Post n°776 pubblicato il 19 Settembre 2011 da odette.teresa1958

Un contadino aveva dodici figlie e l'una non riusciva a prendere in braccio l'altra perché ogni anno quella buona massaia di Ceccuzza, la mamma, gli faceva una spernacchiatina, così che il poveruomo, per far vivere onoratamente la famiglia, andava ogni mattina a zappare a giornata e non avresti saputo dire se era più il sudore che gli colava a terra o la saliva che si sputava sulle mani: basta dire che con il poco delle sue fatiche riusciva a mantenere tutte quelle ranocchie bambinocchie, giusto che non morissero di fame.

Ora, mentre questo si trovava un giorno a zappare ai piedi di una montagna, vedetta degli altri monti, che metteva la testa sopra le nuvole per vedere cosa si combinava nell'aria, dove c'era una grotta così profonda e buia che il Sole aveva paura ad entrarci, da questa uscì un lucertolone verde grande quanto un coccodrillo e il povero contadino restò così spaventato che non ebbe la forza di squagliarsela e da un'apertura di bocca di quella brutta bestia aspettava la chiusura dei suoi giorni. Ma il lucertolone si fece più vicino e disse: "Non avere paura, uomo dabbene mio, perché non sono qui per farti alcun dispiacere, ma vengo soltanto per il tuo bene". Sentendo questo Masaniello, così si chiamava il contadino, le s'inginocchiò dinanzi, dicendole: "Signora come-ti-chiami, io sono nelle tue mani: agisci da persona dabbene e abbi compassione di questo poveruomo, che ha dodici piagnucolone da far vivere". "Per questo", rispose la lucertola, "io sono venuta ad aiutarti; perciò portami domani mattina la più piccola delle tue figlie, perché me la voglio crescere come una figlia e tenermela cara quanto la vita". Lo sventurato padre, sentendo questo, restò più confuso di un ladro quando gli viene trovata la refurtiva addosso, perché, sentendosi chiedere la figlia dalla lucertolona e anche la più piccolina, ne dedusse che la faccenda puzzava e che la voleva come pillola purgativa per evacuare la fame.

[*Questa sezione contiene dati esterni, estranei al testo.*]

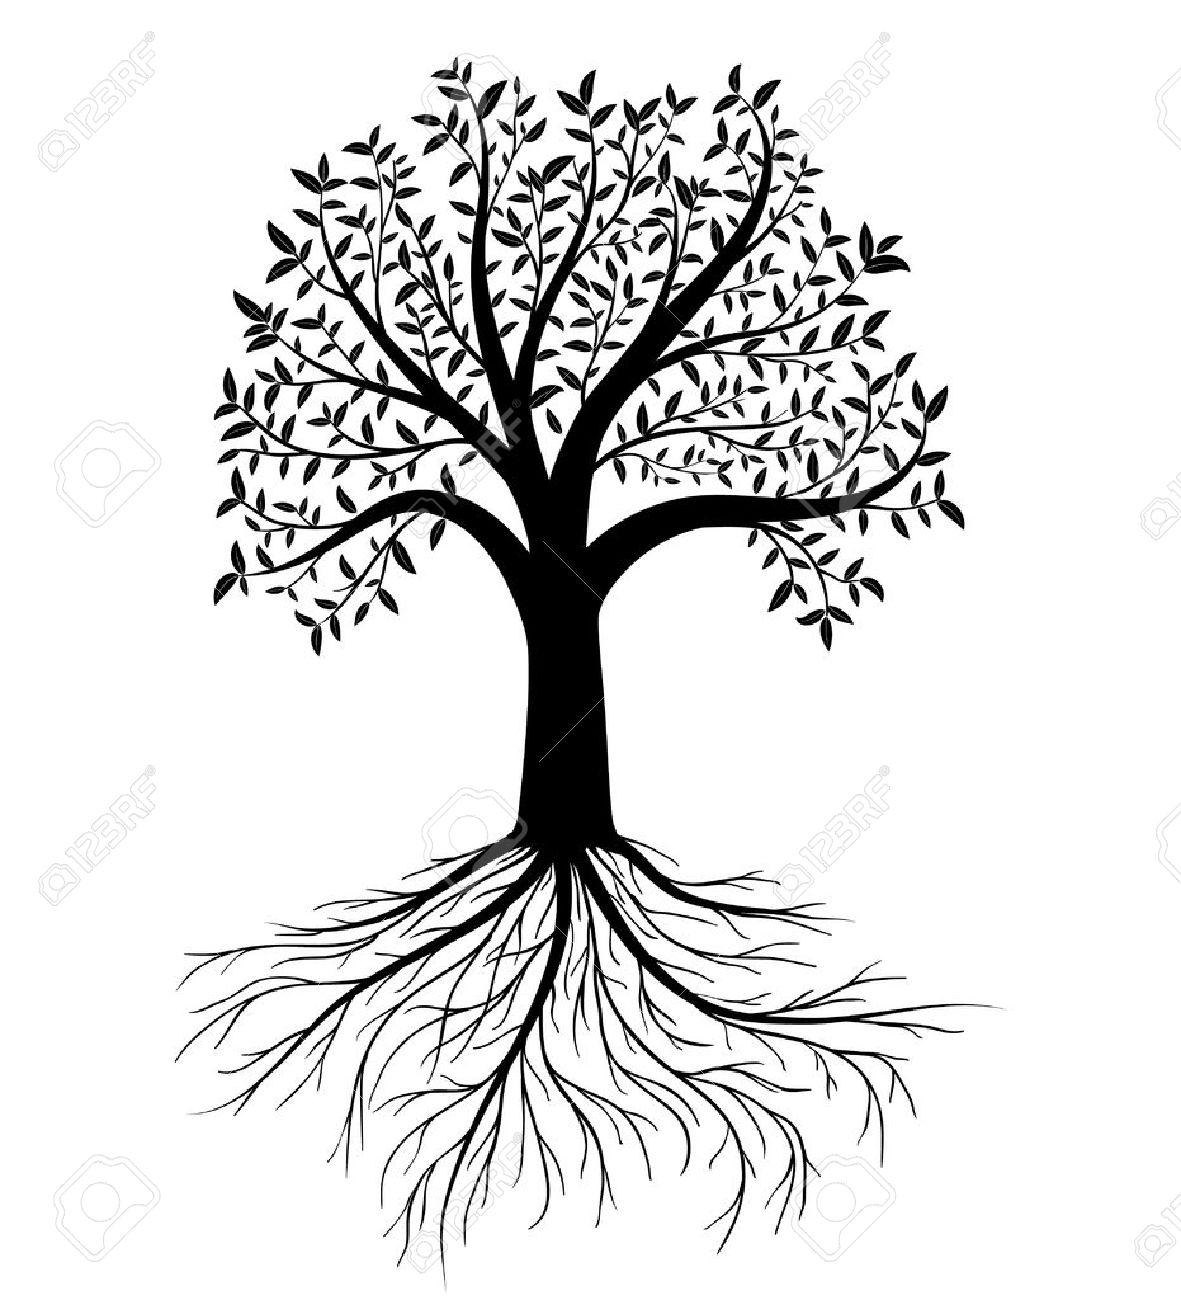 silueta de árbol con hojas y raíces ilustraciones vectoriales clip

E disse fra sé: "Se io le do questa figlia, le do l'anima mia; se gliela rifiuto, si prenderà questo corpo; se non gliela concedo, mi toglie le ciliegine; se la contraddico, si succhia il mio sangue; se acconsento, mi toglie una parte di me stesso; se rifiuto, si prende me tutto intero. Che decido? che scelgo? che scusa trovo? oh che malagiornata mi è capitata! che disgrazia mi è caduta dal cielo! ". Mentre diceva questo la lucertolona aggiunse: "Deciditi, presto e fai quello che ti ho detto, altrimenti ci lasci le penne, perché così voglio e così zia fatto!".

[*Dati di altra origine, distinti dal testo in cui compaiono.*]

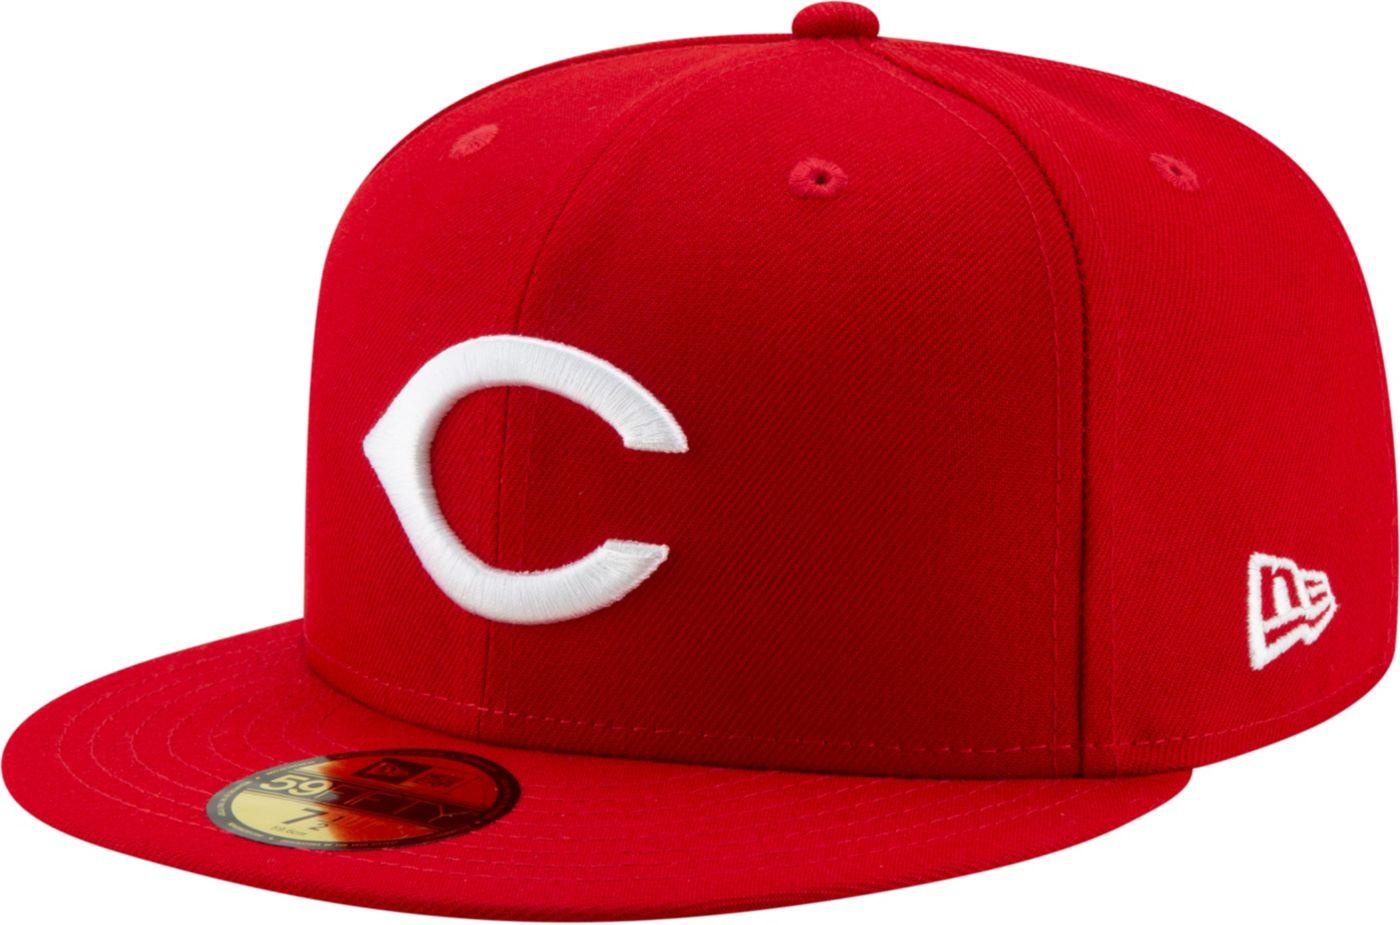 New Era Men's Cincinnati Reds 1967 59Fifty Authentic Hat

Masaniello, sentita questa sentenza e non avendo come fare ricorso, tornò a casa tutto malinconico, così ingiallito in faccia che sembrava avesse preso l'itterizia, e Ceccuzza, vedendolo così smorto istupidito con il nodo alla gola e imbronciato, gli disse: "Che ti è successo, marito mio? hai litigato con qualcuno? ti hanno chiesto soldi? o ci è morto l'asino?". "Niente di tutto questo", rispose Masaniello, "ma una lucertola cornuta mi ha messo sottosopra, mi ha minacciato che se non gli porto la nostra figlia più piccolina, ne farà di cose che puzzano: la testa mi gira come un arcolaio, non so che pesci pigliare! da una parte mi spinge l'amore e dall'altra l'affitto della casa! amo straordinariamente la mia Renzolla, amo straordinariamente la vita mia! se non gli consegno questo resto dei miei fianchi quella si prende tutta la misura di questo mio povero corpo. Perciò dammi un consiglio, Ceccuzza mia, altrimenti sono finito". Sentendo questo la moglie gli disse: "Chi sa, marito mio, se questa lucertola porterà fortuna alla nostra famiglia? chi sa se questa lucertola porterà la luce sulle nostre miserie? guarda che il più delle volte ci diamo noi stessi l'accetta sul piede e quando dovremmo avere la vista d'aquila per scorgere il bene che ci capita abbiamo gli occhi appannati e il crampo alle mani per afferrarla. Perciò vai, portagliela, il cuore mi dice che potrebbe essere un buon destino per questa povera bambina".

Queste parole convinsero Masaniello e la mattina - appena il Sole con il pennello dei raggi imbiancò il cielo che era annerito dalle ombre della Notte - prese la bambina per mano e la portò fino alla grotta. La lucertolona, che stava di vedetta per vedere quando arrivava il contadino, appena lo vide uscì fuori dalla tana e, presa la ragazza, diede al padre un sacchetto di monetacce dicendogli: "Vai, marita con questi spiccioli le altre figlie e vivi in allegria, perché Renzolla ha trovato il padre e la madre. Oh beata lei, che ha incontrato questa buona ventura!".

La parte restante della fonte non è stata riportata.